Last week, the Australian Bureau of Statistics (ABS) reported that the policy-relevant trimmed mean inflation surged by 1.0% in the September quarter to be 3.0% higher year-on-year—the top of the Reserve Bank of Australia’s (RBA) target band.

Inflation pressures were broad-based, with the share of CPI items growing above 3% rising to 50% in Q3, up from 37% in Q2:

The surge in CPI inflation has killed off hopes of near-term interest rate cuts, with financial markets ascribing a near-zero chance of the RBA cutting rates further.

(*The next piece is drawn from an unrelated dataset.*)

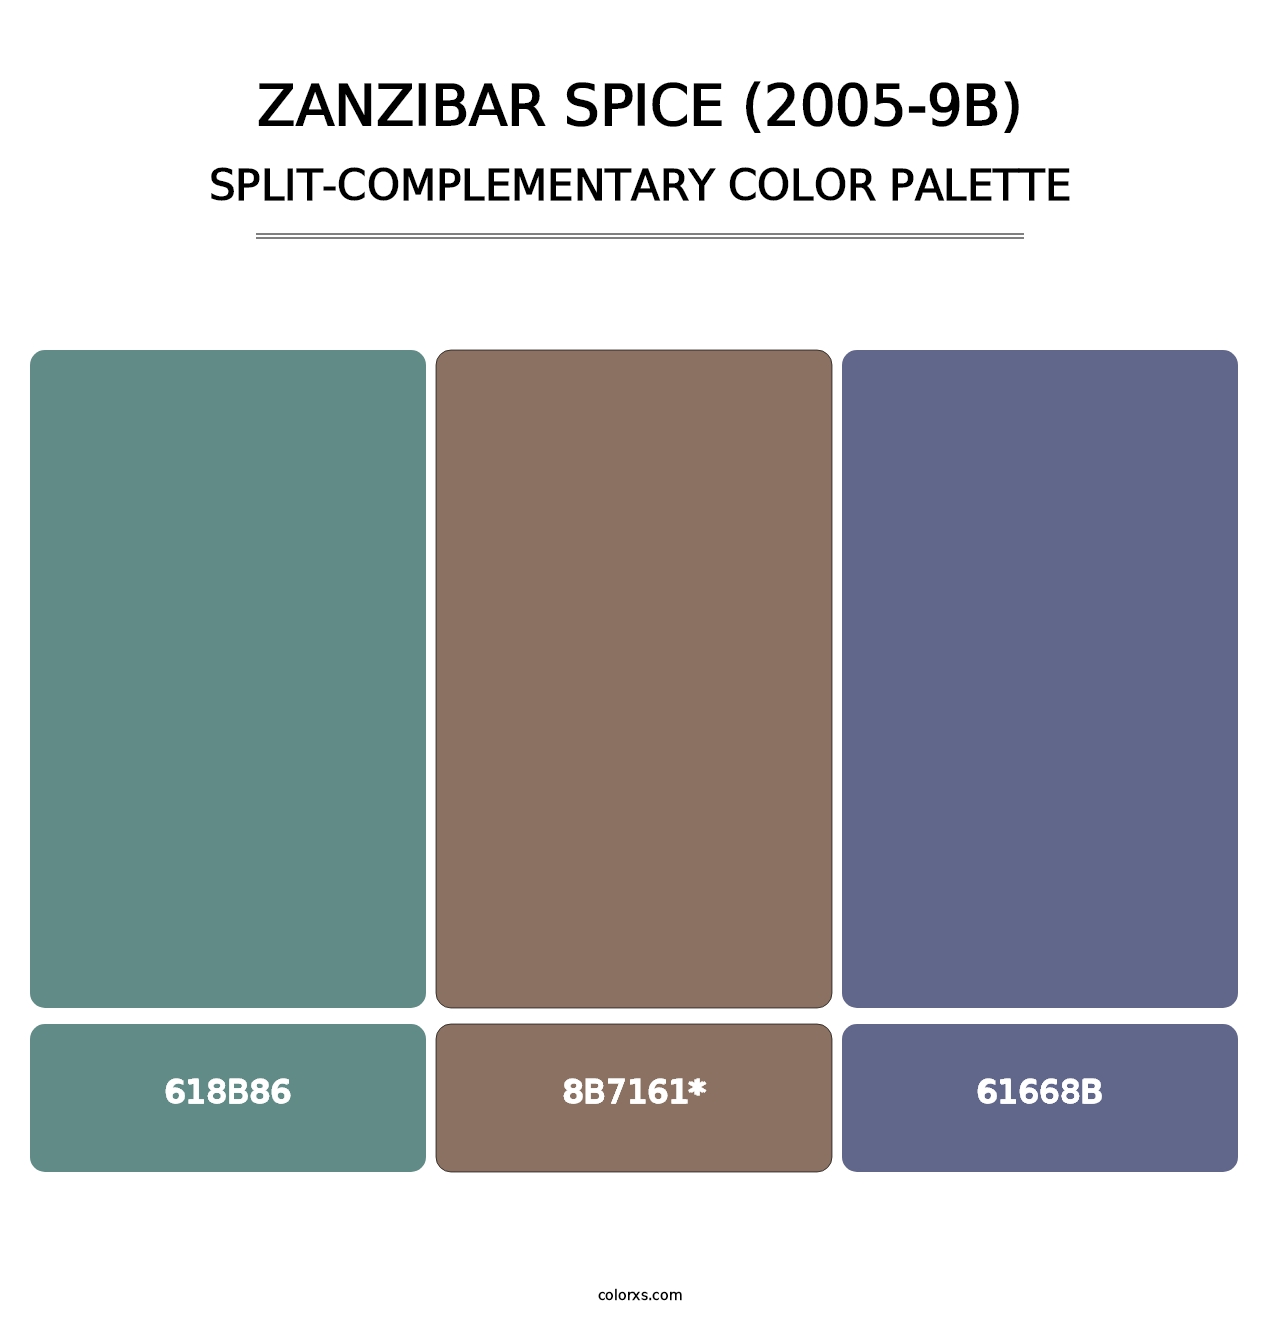 Zanzibar Spice (2005-9B) - Split-Complementary Color Palette
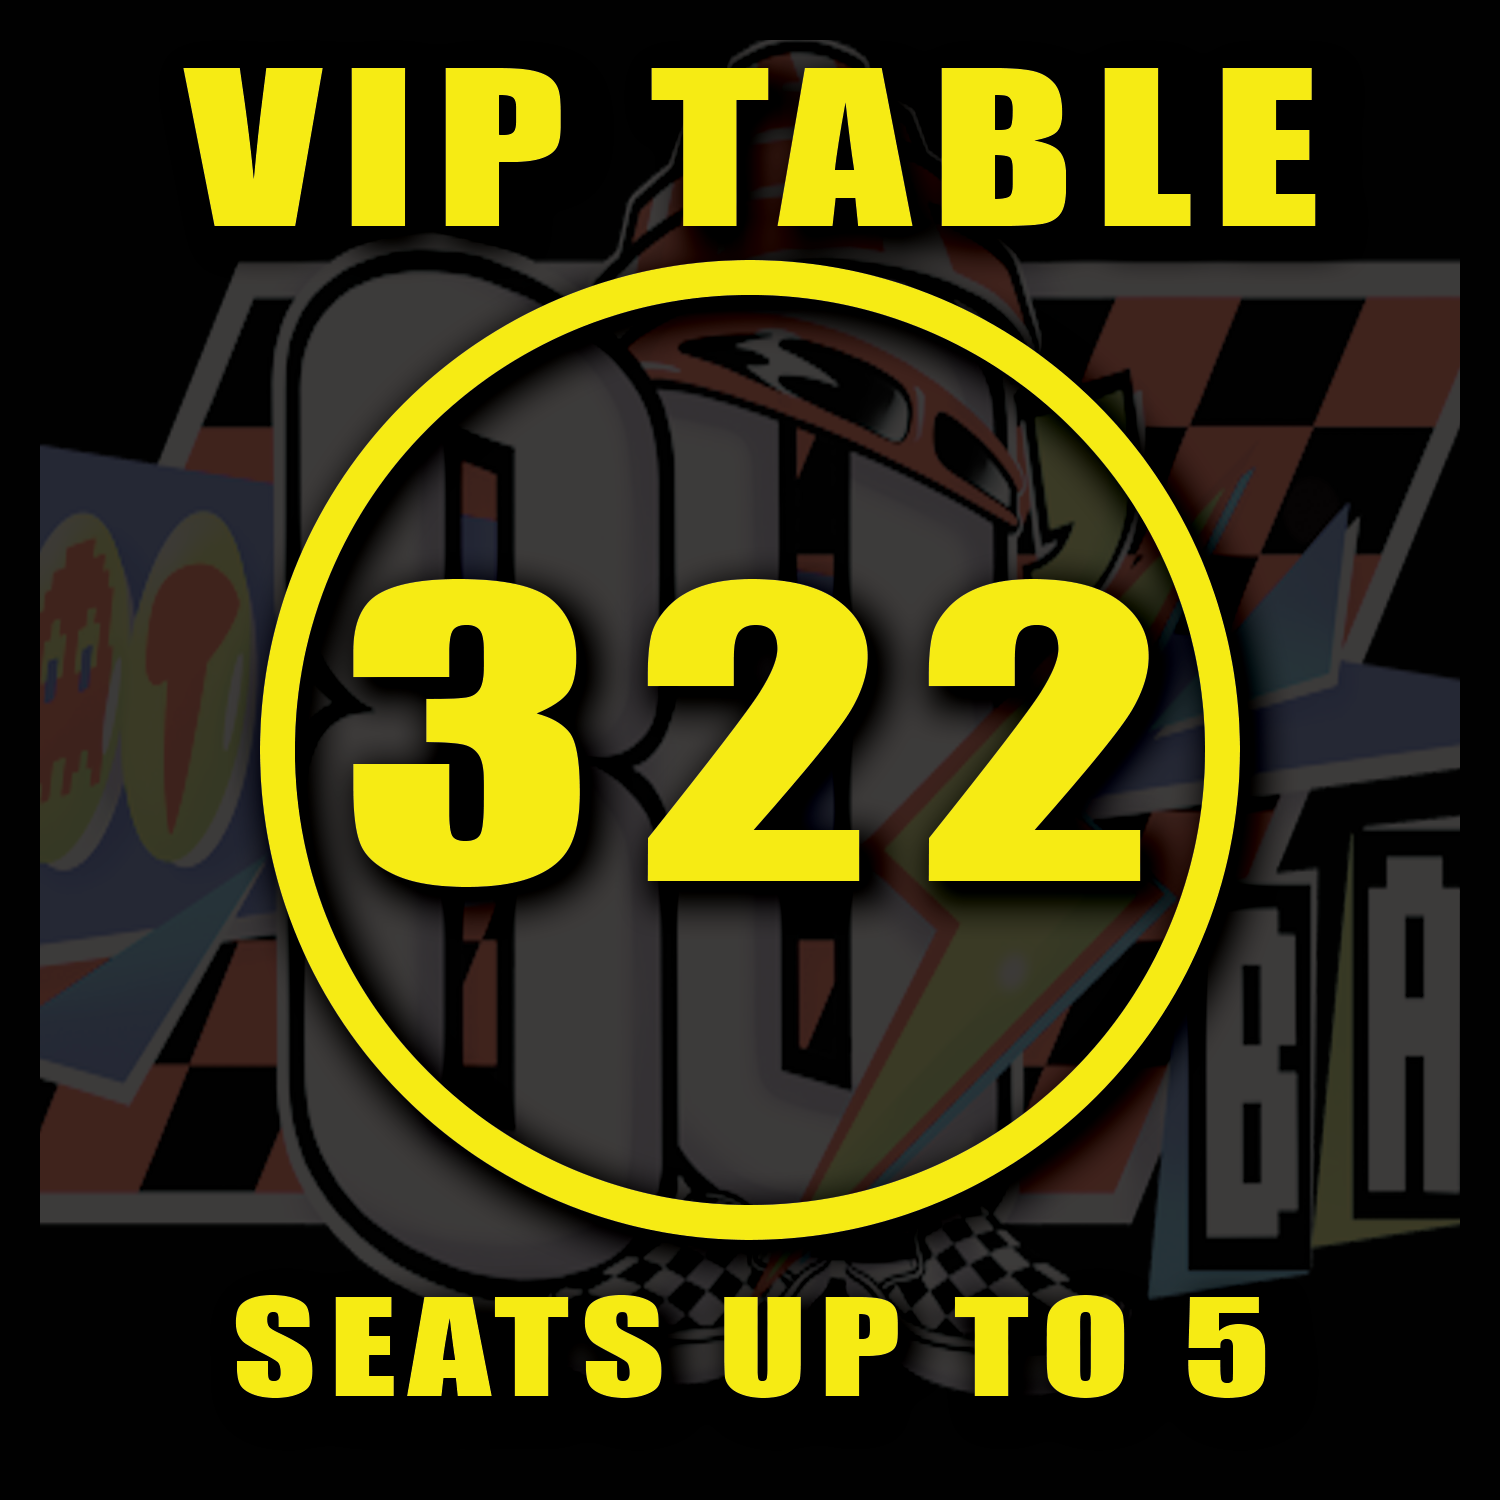 VIP TABLE 322

On Monday, the inflation picture in Australia worsened, with the unofficial Melbourne Institute (MI) measure of trimmed mean inflation surging higher.
As illustrated below by Justin Fabo from Antipodean Macro, MI quarterly trimmed mean inflation continued its upward surge in October, mirroring the quarterly jump in the ABS trimmed mean inflation:

Overall, the result bolsters the case that the RBA will keep interest rates on hold for the foreseeable future.
For the RBA to even consider a rate cut would require:
- Trimmed mean inflation falling back toward the middle of the target band (i.e., closer to 2.5%); and/or
- The unemployment rate rising significantly above its current level of 4.5%.
A significant rise in unemployment is the more likely outcome given the rapid expansion in labour supply (courtesy of high immigration) amid weak private sector employment growth.
But even if unemployment were to rise, any additional rate relief would be unlikely to arrive until the second quarter of 2026 at the earliest.